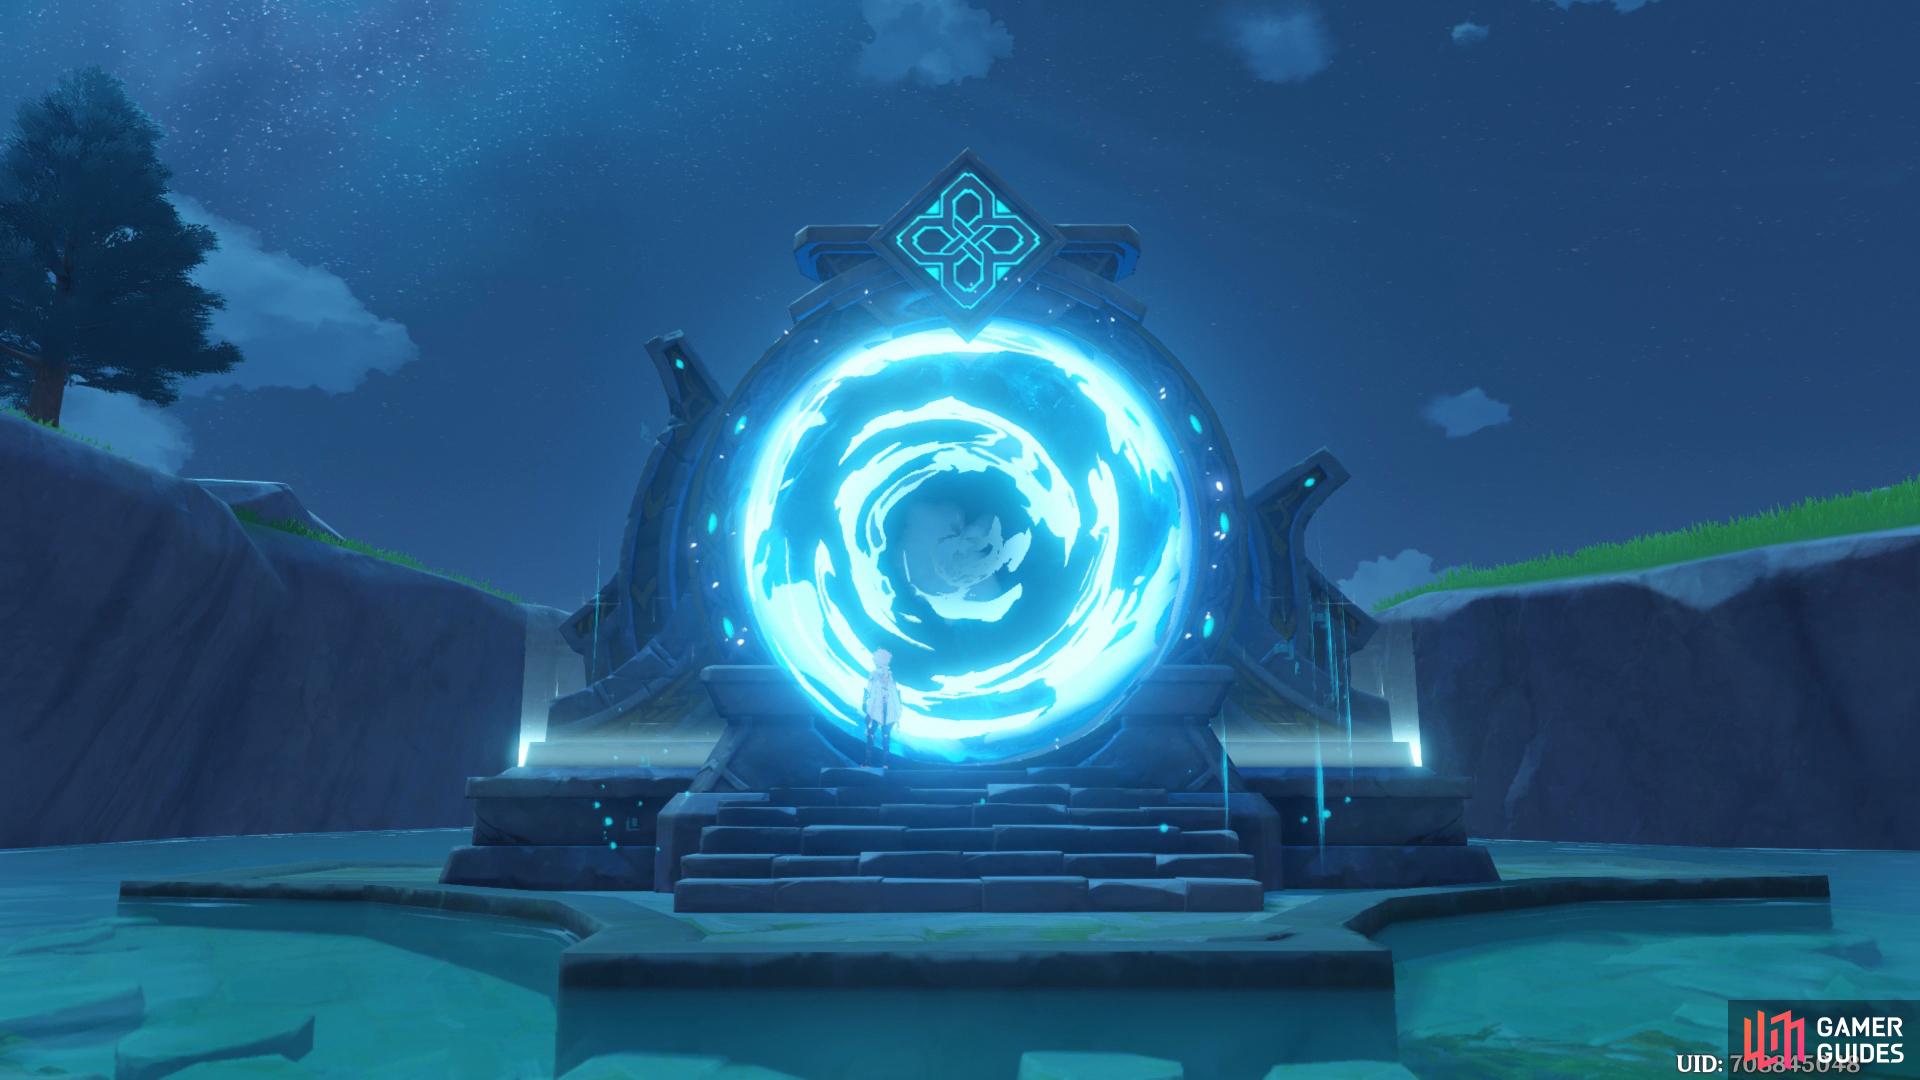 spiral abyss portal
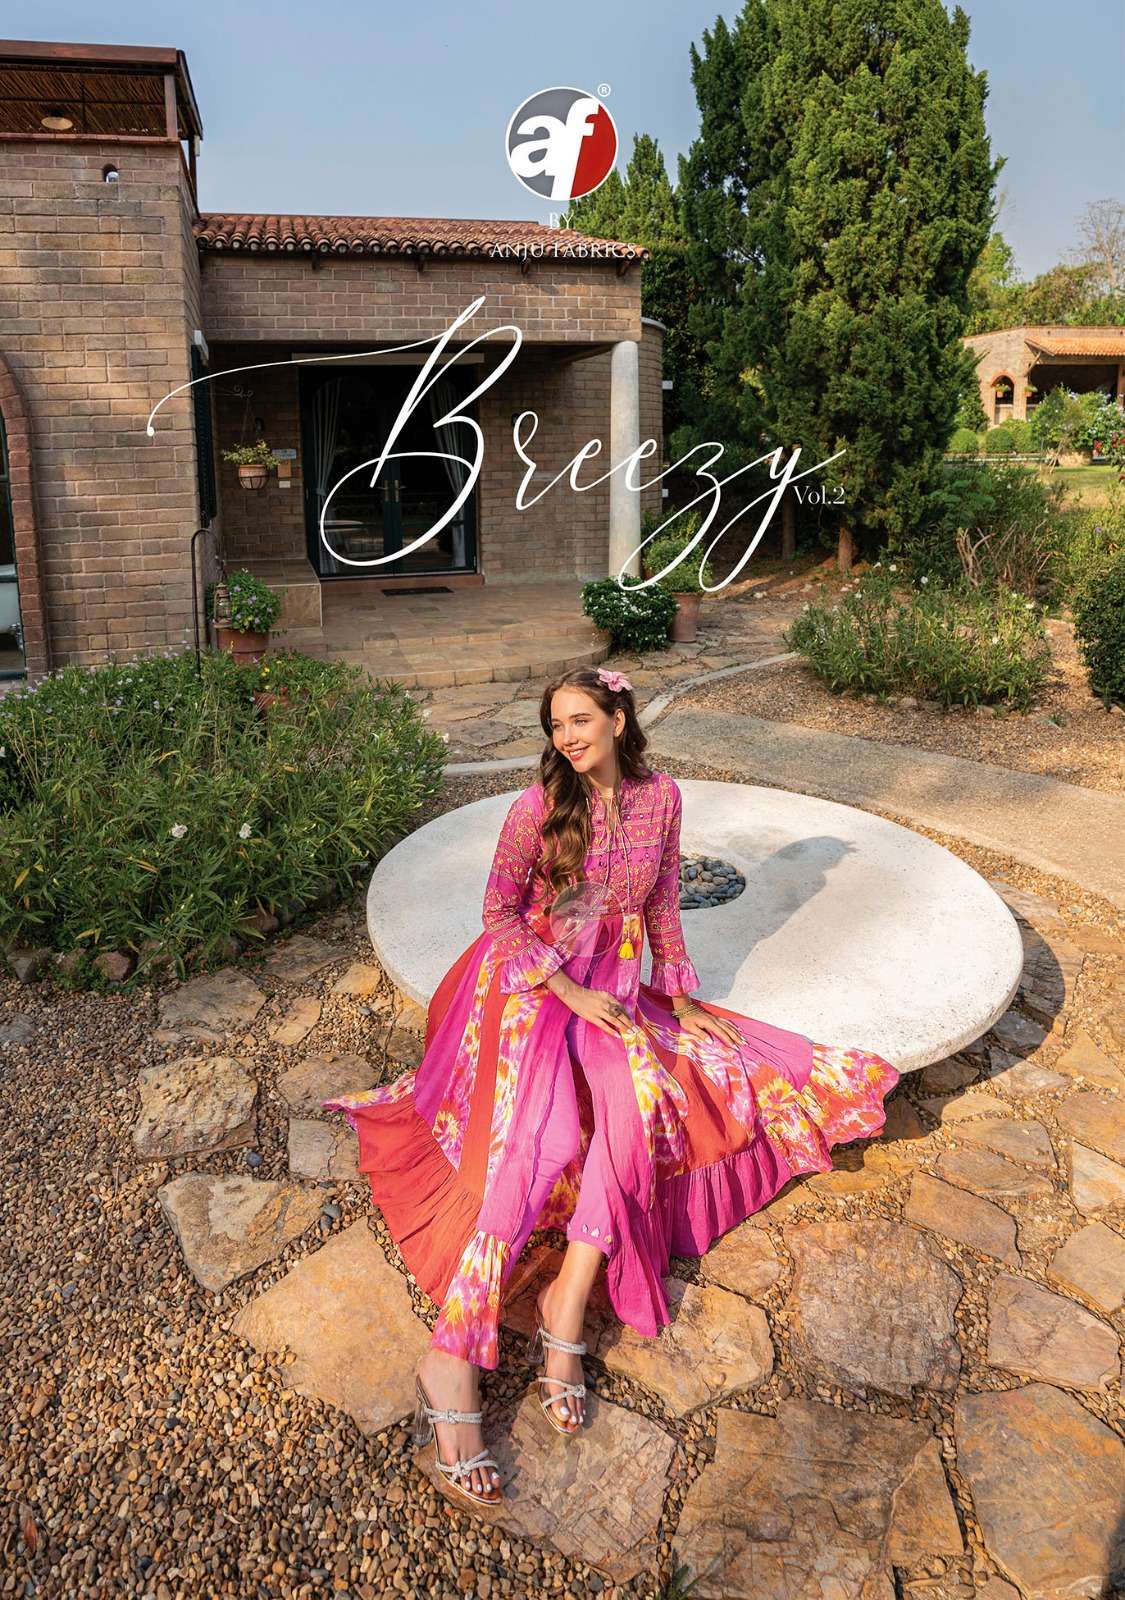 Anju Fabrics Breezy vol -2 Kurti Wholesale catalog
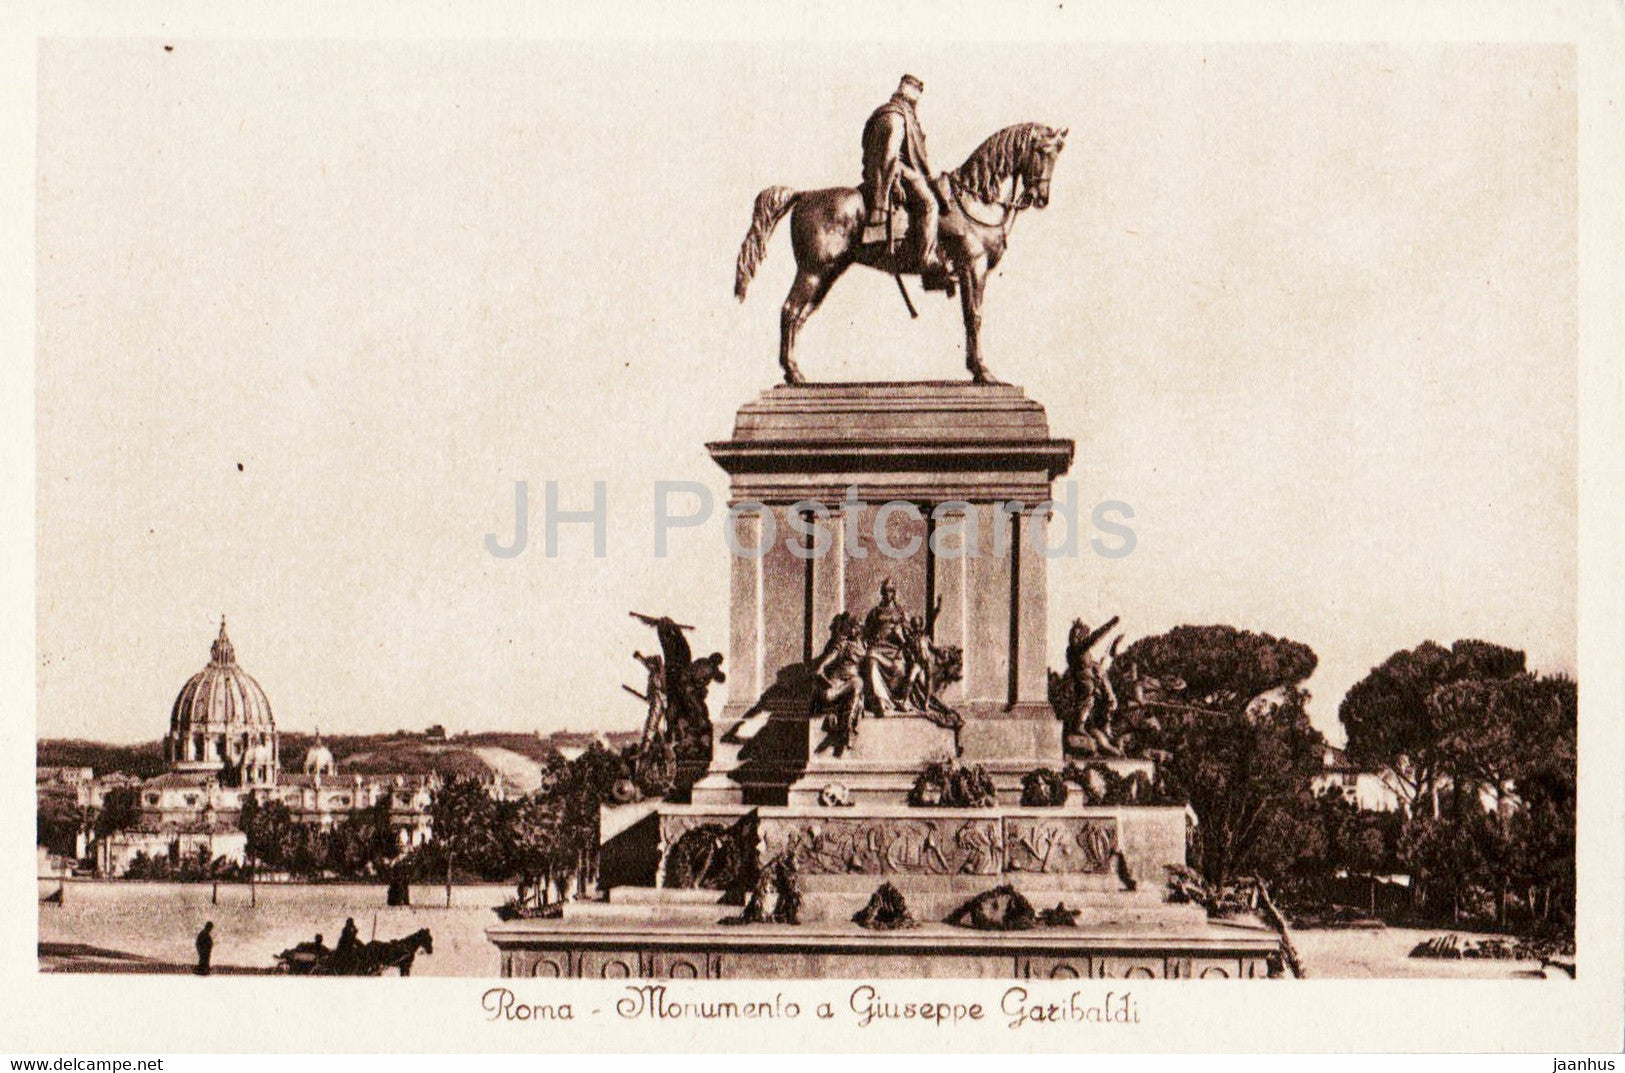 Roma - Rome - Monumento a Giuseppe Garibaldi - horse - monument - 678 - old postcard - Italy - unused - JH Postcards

▸ WORK ORDER
Copy out the listing exactly as it stands, but not the pictures.

▸ OUTPUT FOR THIS TASK
 spiral abyss portal
 Anju Fabrics Breezy vol -2 Kurti Wholesale catalog
 Roma - Rome - Monumento a Giuseppe Garibaldi - horse - monument - 678 - old postcard - Italy - unused - JH Postcards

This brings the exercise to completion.